7 Jul 2006 by Mr. Roach

I have a tendency deeply rooted in my psychology . . . perhaps it’s all too common among blogger types and other highly opinionated people. I am a contrarian, finding fault among the right and the left. Perhaps, I am seeking some Aristotelian mean, or perhaps I’m just plain mean. I don’t quite know.

I think part of it is I’ve never expected much of the left and have always been critical of its excesses, its utopianism, its sentimentalism, and its disregard for truth. Among the right, though, my story has been one of disillusionment and increasing discontent. I’ve become disillusioned as I’ve realized how much of the Republican establishment and even the right-wing blogoshere and intelligentsia is not that intelligent, not that committed to principle, and not that consistent. I once thought these were provinces chiefly of the left, but I now see what Russell Kirk meant when he said true conservatism could never be an ideology and if it were to become one it would lose its conservative character. When I first read that I was confused; I think I see what he means. True conservatism is a disposition, not a set of formulas. It’s flexible and also diverse in its own way. It allows both for strength and compassion, unity and diversity. It does so in its relation to particulars, not by the application of pre-set and all encompassing formulae.

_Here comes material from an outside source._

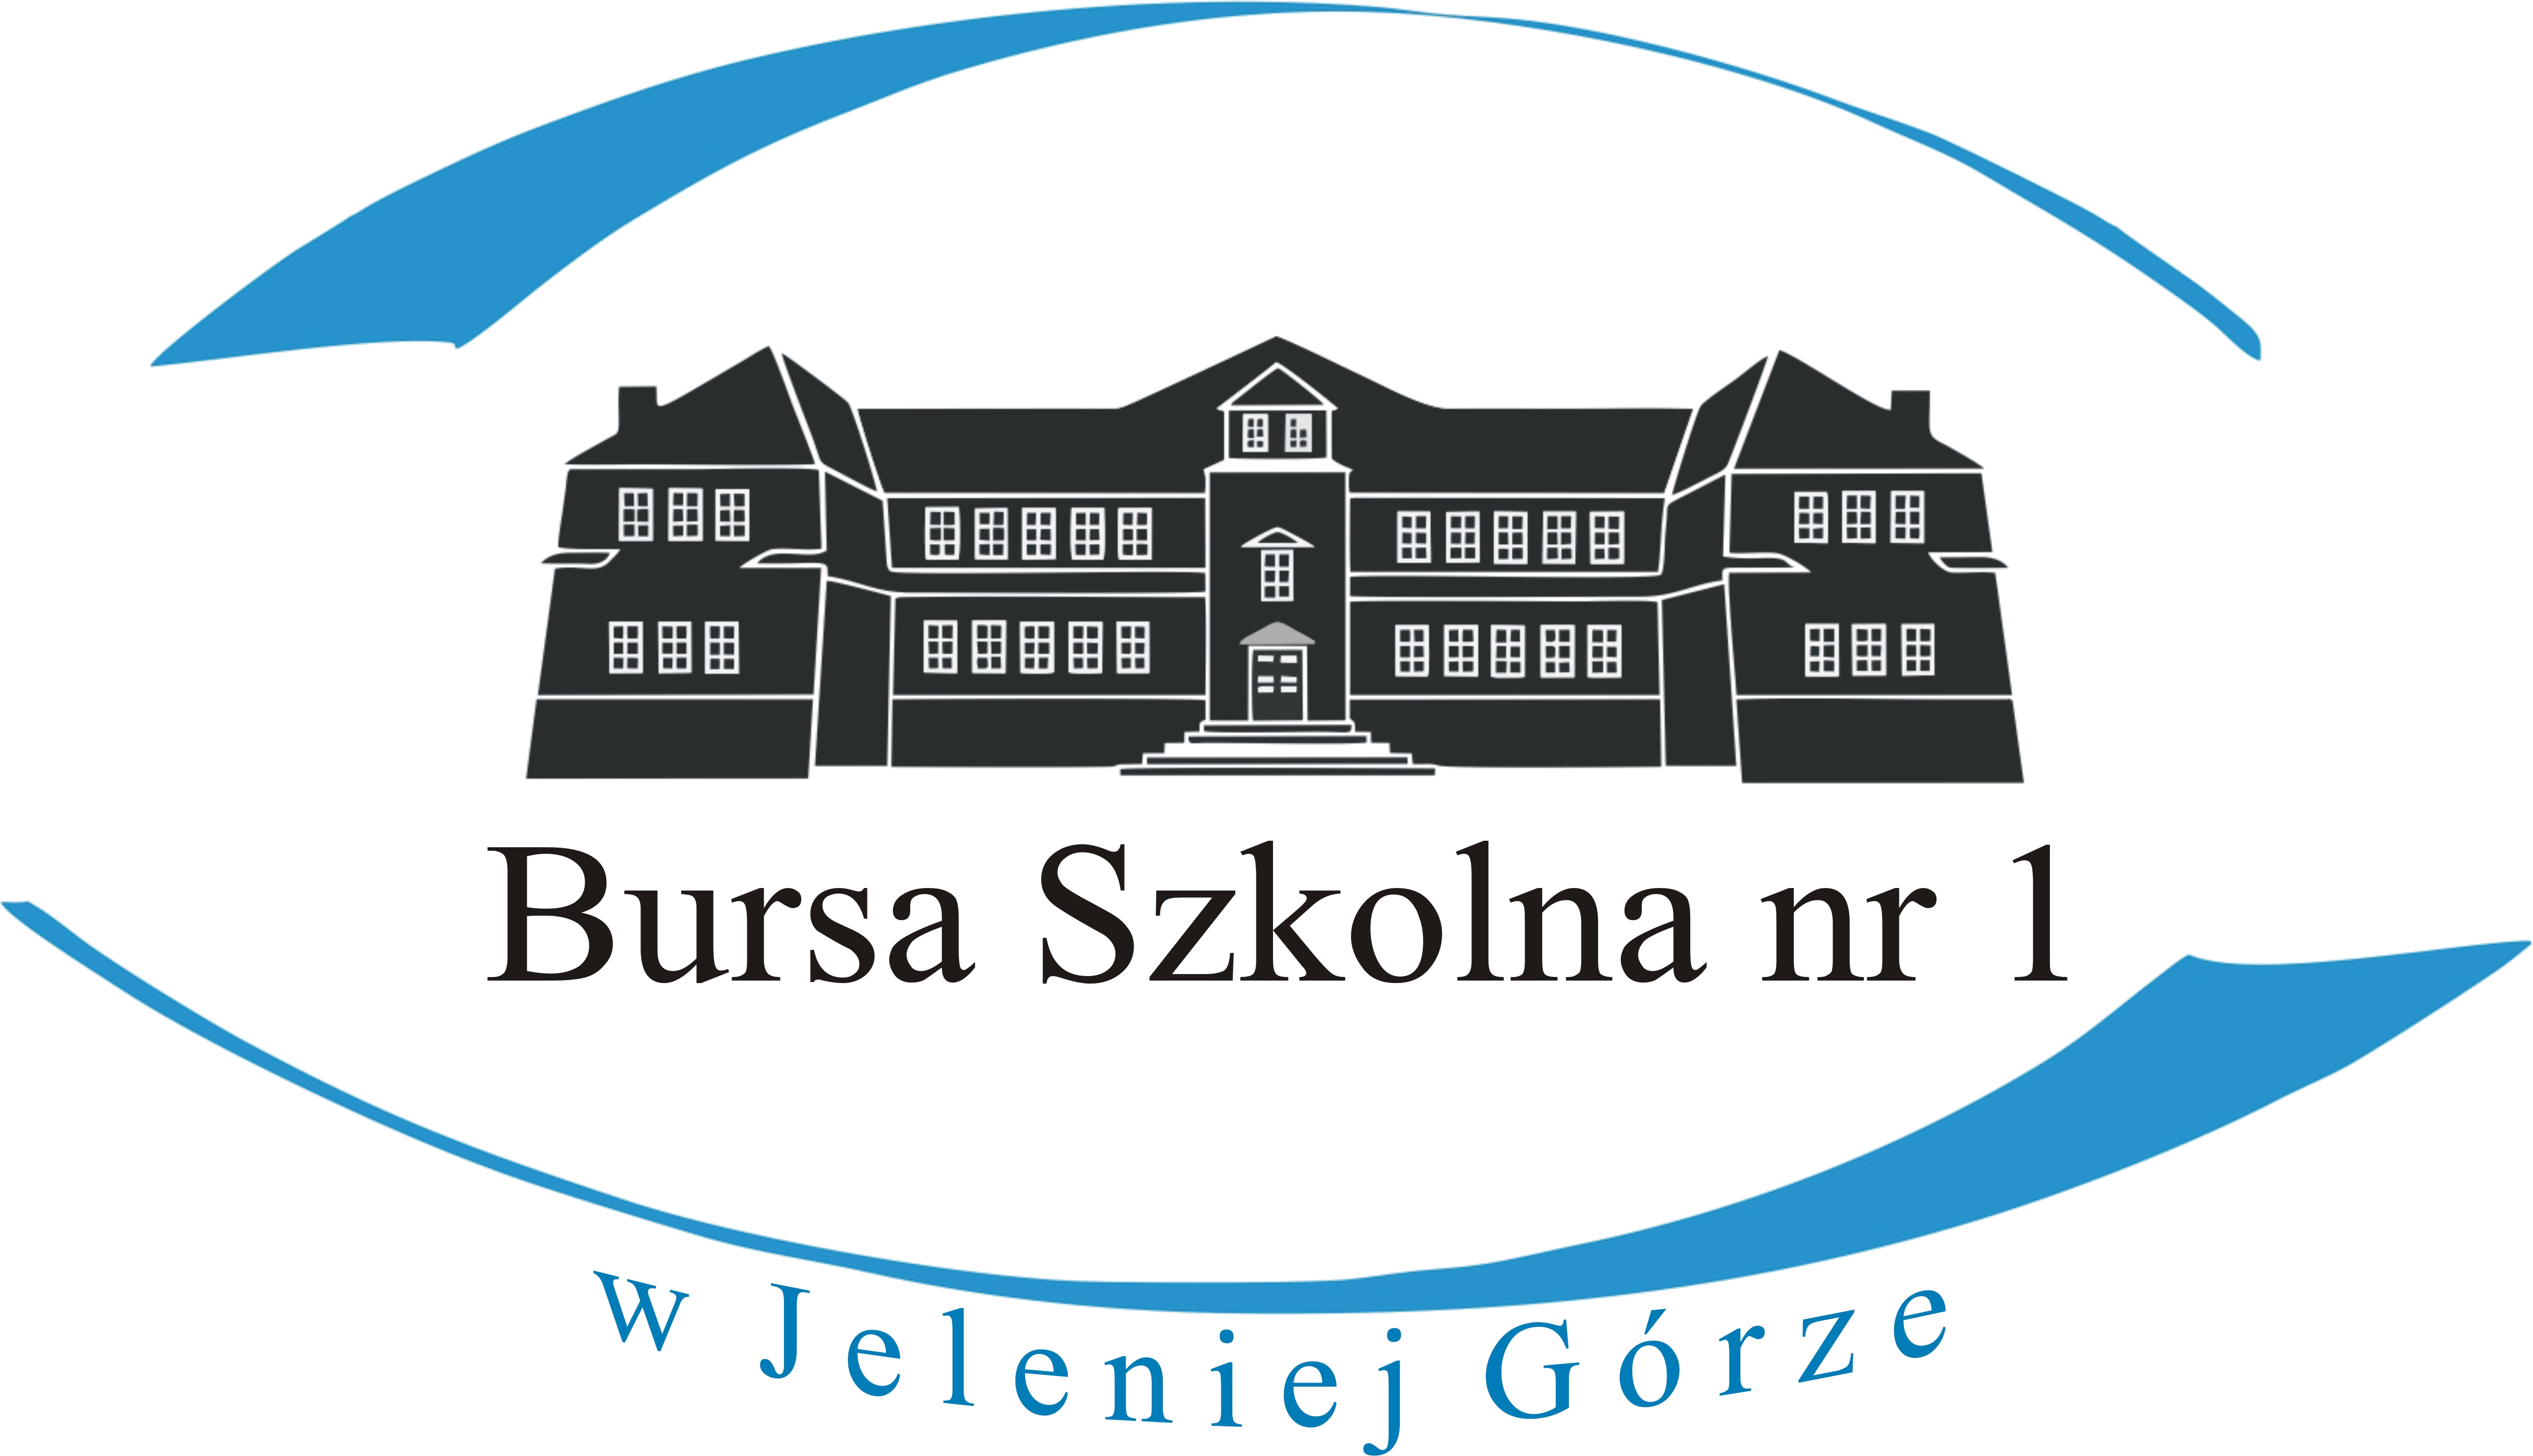 Bursa Szkolna nr 1 w Jeleniej Górze Logo logotyp
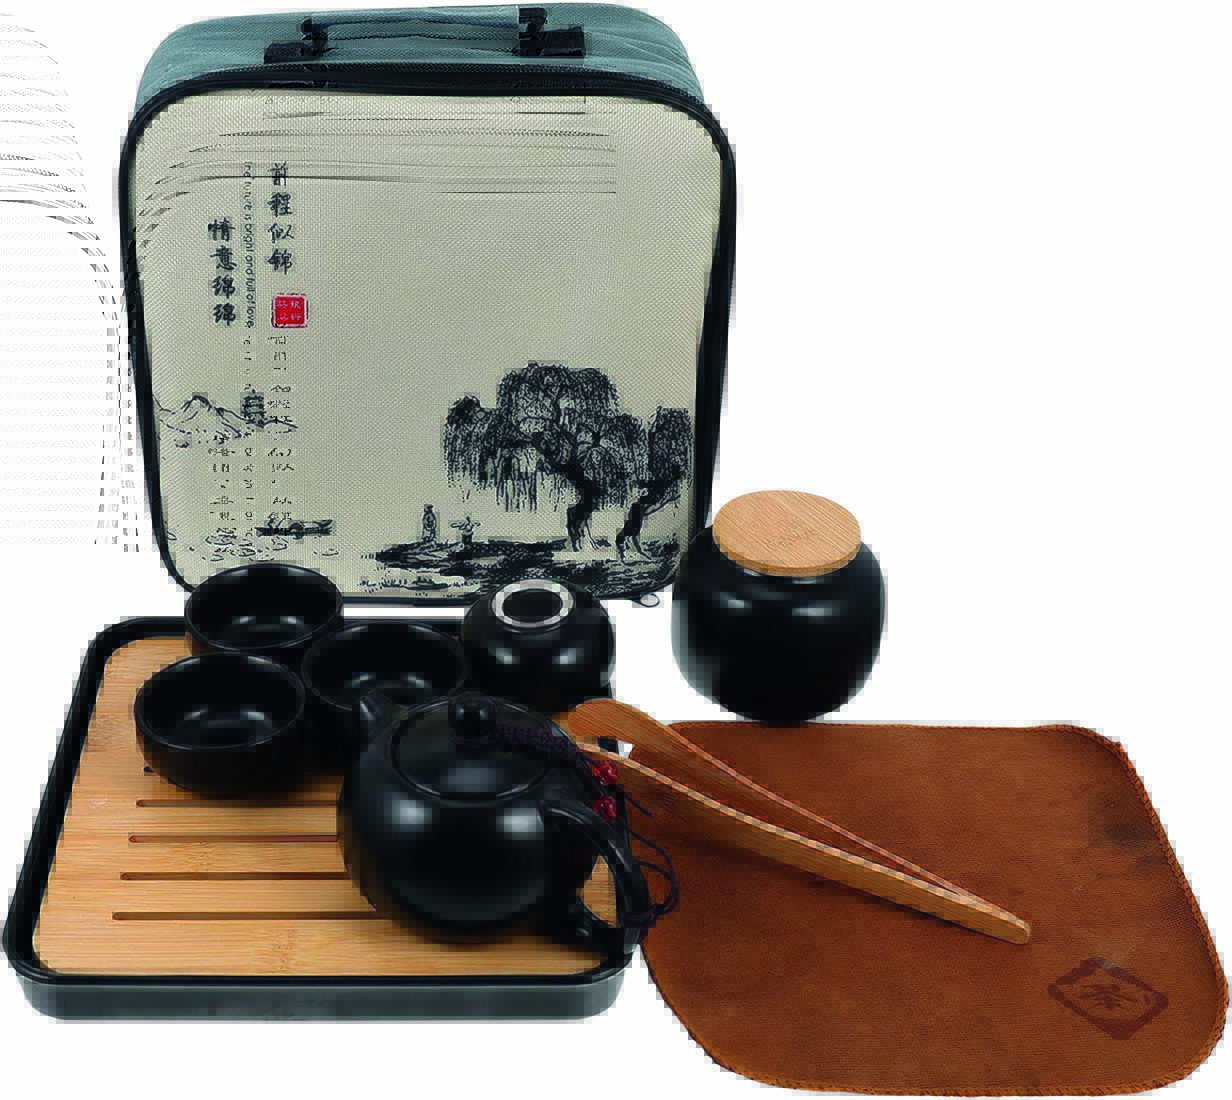 Imagem mostra jogo de chá preto e de madeira

I accept the possibility I’m just ornery and inconsistent. But I’ll let my readers be the judge. Here I stick up for what might be regarded as a certain authoritarian set of values, poo-pooing those that worry about administration data mining that can be and has been used to interrupt terrorist plots. And here I castigate the knee jerk response to various war crimes allegations against American service-members. Are these positions reconcilable? Is my concern for administration authority capable of being balanced with my concern for militaristic trends in our political culture.

Maybe the answer is as simple as the mantra of one of my misanthropic friends: “Everybody sucks.”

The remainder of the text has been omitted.